1. Field of the Invention
The invention relates to radio systems and, more particularly, to improving the efficiency of frequency hopping as a technique of reducing the effects of fading in an enclosed region of signal propagation.
2. History of the Related Art
Radio Transmission Problems
The quality of the signal received by a mobile station from a base station is affected from time to time by natural phenomena inherent in the use of radio signals to communicate. A factor common to most of the problems related to radio reception is that the desired signal at the receiver is too weak, either in comparison to thermal noise or in comparison to an interfering signal. An interfering signal can be characterized as any undesired signal received on the same channel by the receiver as the desired signal.
In the case of cellular radio systems where all of the frequencies in the available bandwidth are being reused throughout the cellular grid, the efficiency of the radio system is generally limited by the amount of interfering radio signals received rather than thermal noise.
One phenomenon which occurs to limit the quality of a received signal within a radio system is path loss.
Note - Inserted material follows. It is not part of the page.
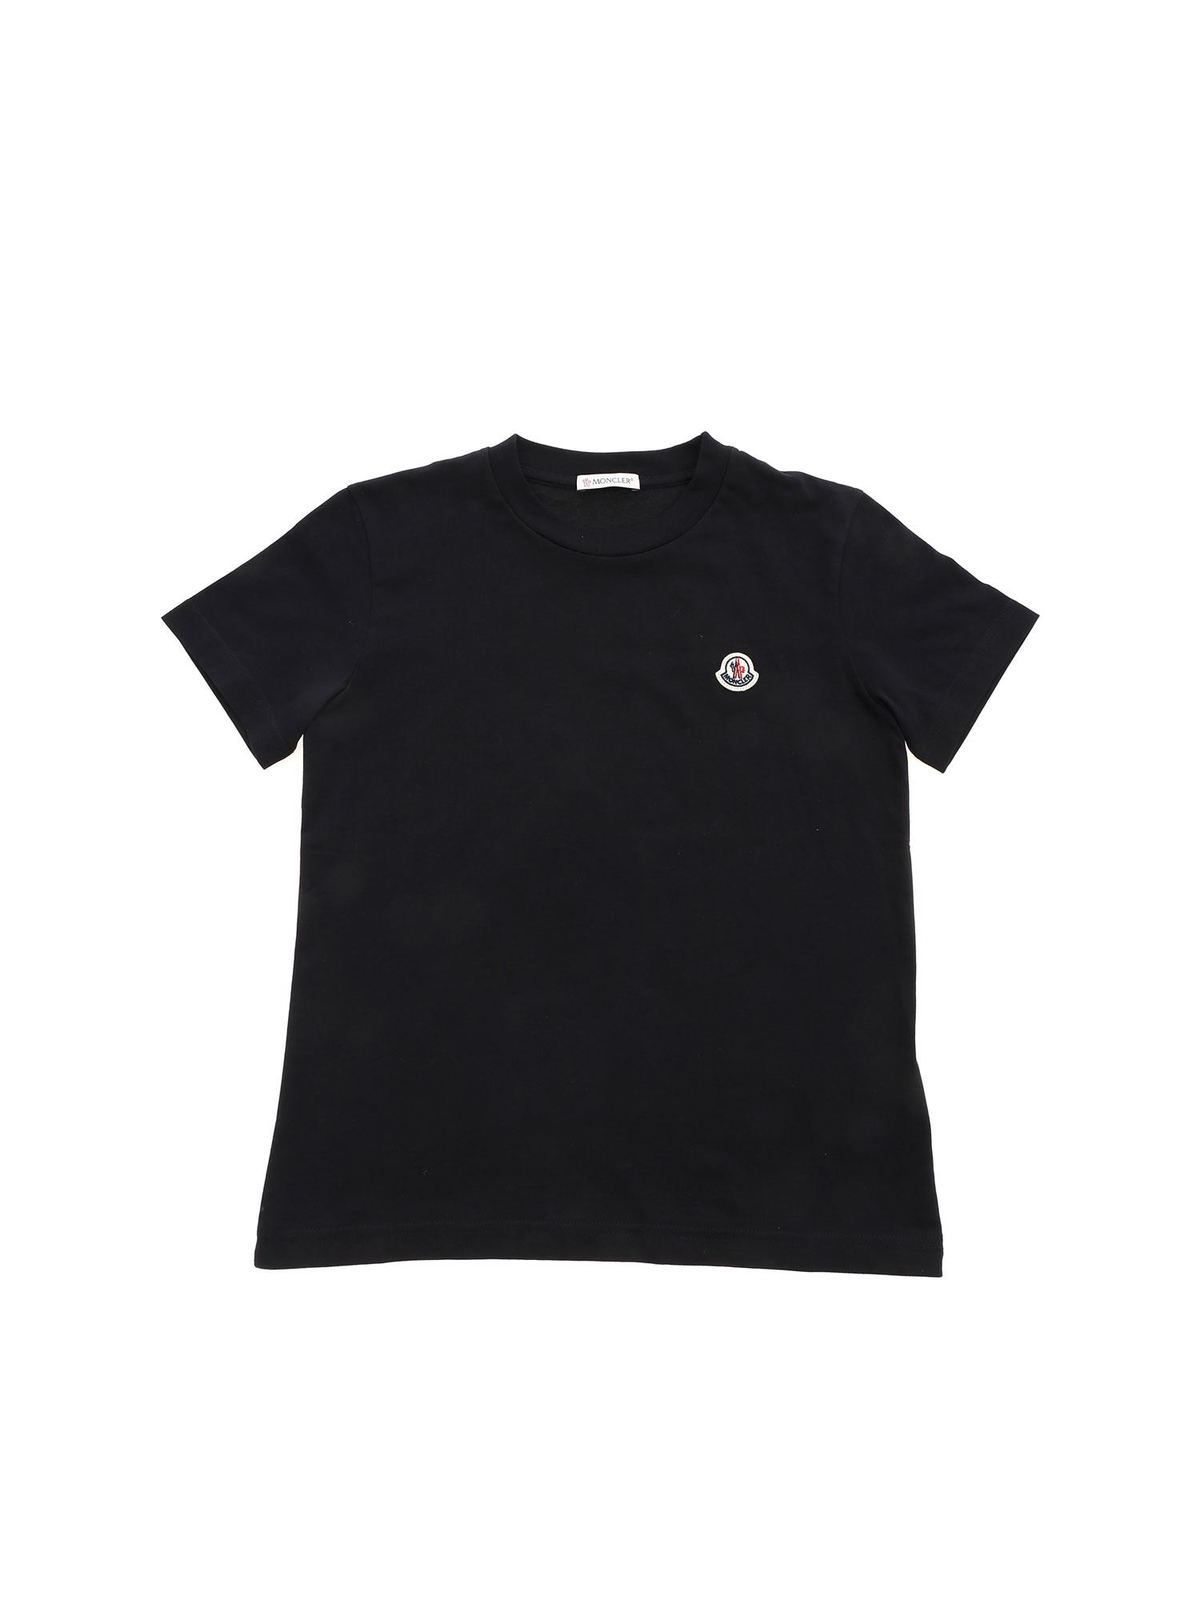 MONCLER JR LOGO PATCH T-SHIRT IN BLACK

Even when there are no obstacles between the transmitting antenna and a receiving antenna, the received signal becomes progressively weaker due to the increasing distance between the base station and the mobile station. The received signal power is inversely proportional to a value somewhere between the square and the fourth power of the distance between the transmitting and receiving antennas.
A more common transmission problem in mobile radio systems used in an environment where there are objects such as buildings present, is that of log-normal fading. This phenomenon occurs as a result of the shadowing effect produced by buildings and natural obstacles such as hills located between the transmitting and receiving antennas of a mobile station and a base station. As the mobile station moves around within the environment, the received signal strength increases and decreases as a function of the type of obstacles which are at that moment between the transmitting and receiving antennas. The term "log-normal," comes from the fact that the logarithm of the received signal strength takes the form of a normal distribution about some mean value the minimum values of which are referred to as fading dips and the distance between which may be on the order of 30 to 60 feet.
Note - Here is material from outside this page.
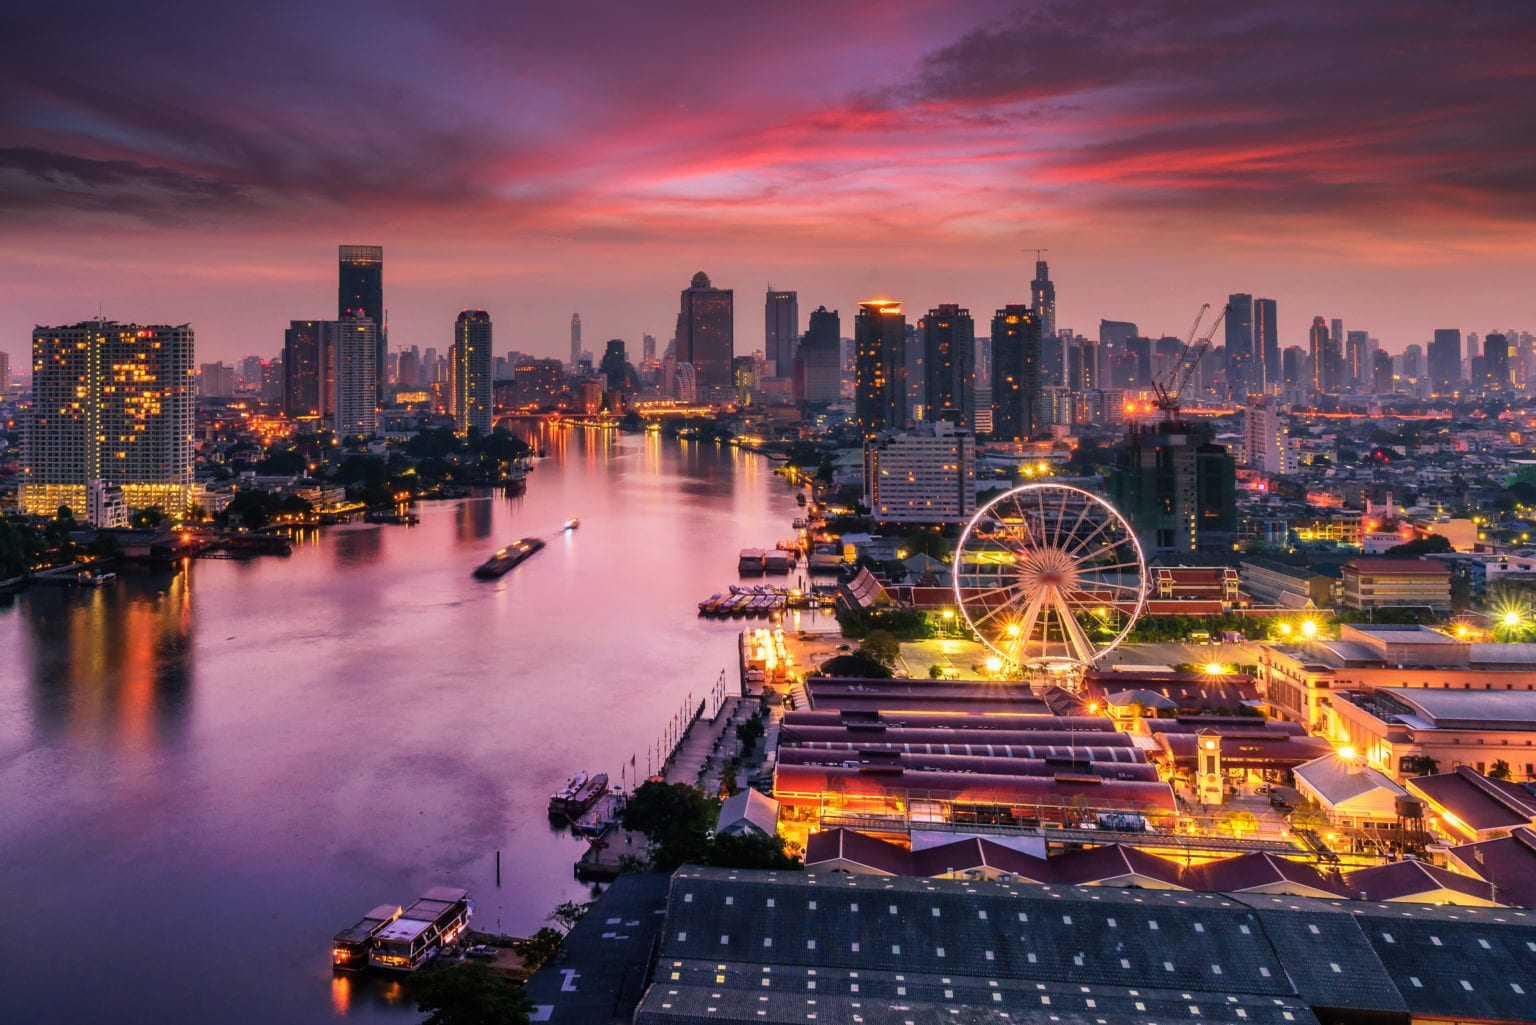 Západ slunce v Bangkoku v Thajsku

A third phenomenon which effects signal strength within a mobile system operated in an urban environment is that of Rayleigh fading. This type of signal degradation occurs when the broadcast signal takes more than one path from the transmitting antenna to the receiving antenna so that the receiving antenna of the mobile station receives not just one signal but several. One of these multiple signals may come directly from the receiving antenna but several others are first reflected from buildings and other obstructions before reaching the receiving antenna and, thus, are delayed slightly in phase from one another. The reception of several versions of the same signal shifted in phase from one another results in the vector sum of the signals being the resultant composite signal actually received at the receiving antenna. In some cases the vector sum of the receive signal may be very low, even close to zero, resulting in a fading dip wherein the received signal virtually disappears. In the case of a moving mobile station, the time that elapses between two successive fading dips due to Rayleigh fading depends upon both the frequency of the received signal and the speed at which the mobile is moving. The distance between two fading dips due to Rayleigh fading may be on the order of 7 inches for the 900 megahertz radio band.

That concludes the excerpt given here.